Meanwhile, throughout the '80s, the population in the East Bay exploded. After the '91 census and subsequent redistricting, the physical areas covered by CA-07, CA-08, and CA-09 were reconfigured, downsized, and renamed as CA-07, CA-09, and CA-13 respectively. The appellation of CA-10 was given to the new district created from the excess portions of those three districts (much of Contra Costa County, a smaller portion of Alameda County). Fairfield was added to CA-07, and Dixon was put in CA-03. (As a side note, the '91 redistricting put Edwards into CA-16, where he won reelection. When Edwards retired in 1995, he was replaced by Zoe Lofgren.)
Then, after the '01 Census, the districts were once again redrawn. The Contra Costa/Alameda cities of Danville, San Ramon, Dublin, and Pleasanton were subtracted from CA-10 and added to CA-11 (McNerney), and the Solano County communities of Dixon and Fairfield were taken from CA-07 and added to CA-10, leaving CA-10 in its current awkward and unlovely configuration.
So what does all this have to do with Stockholm Syndrome, the psychological phenomenon that leads victims to identify and sympathize with their captors? Well, here's the story of CA-10 in a nutshell.
Up until the election of 1992, residents of Alameda and Contra Costa Counties had been represented by either George Miller (CA-07), Ron Dellums (CA-08), or Pete Stark (CA-09). I think we can agree that's a pretty progressive set of Congress members.
Suddenly, in 1992, with a newly redrawn district, voters in CA-10 elected the execrable Bill Baker to Congress. Then, in the Republican Revolution of '94, he was easily re-elected. Democrats in the district (which was pretty evenly drawn, registration-wise -- see the 1999 registration statistics, the farthest back the SoS site goes) were in shock. They had gone from being represented by some of the most progressive voices in the country to being represented by a social and economic arch-conservative wacko.

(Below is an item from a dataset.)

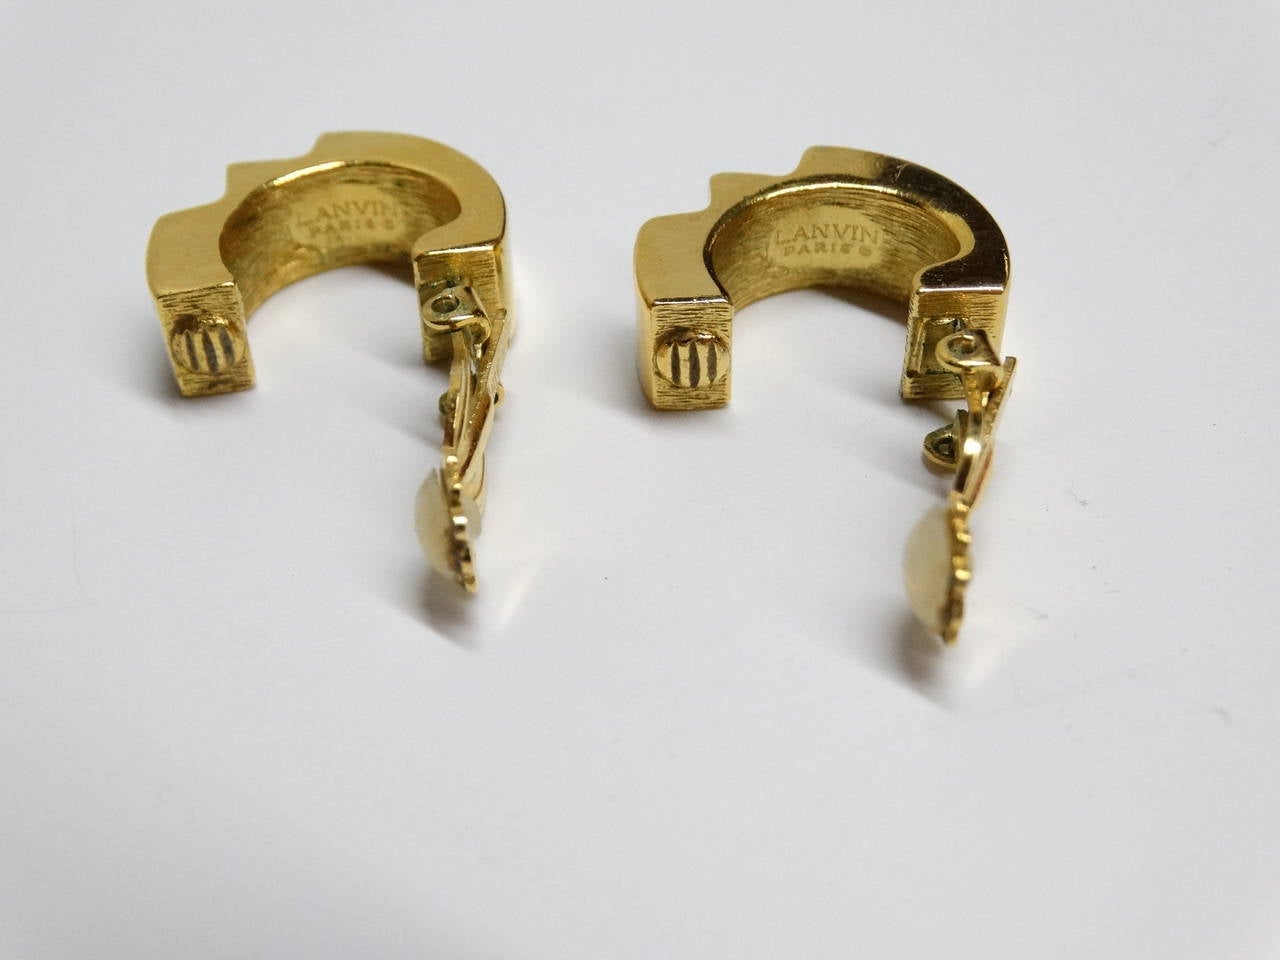 Modern 1970s Lanvin Two-Tone Bolt Earrings

What had happened? Well, the most obvious answer to that question (though not the right one) was that the newly-minted Congressional district was deeply conservative. Democrats were spooked and didn't quite know how to react to this new state of affairs. Instead of analyzing the demographics and registration of the district and questioning the efficacy of their local party apparatus or its apparent lack of leadership, they rushed to the conclusion that the Democratic message was wrong for this new district and that if they were to ever regain the seat, they needed to triangulate madly (these were the Clinton years, after all).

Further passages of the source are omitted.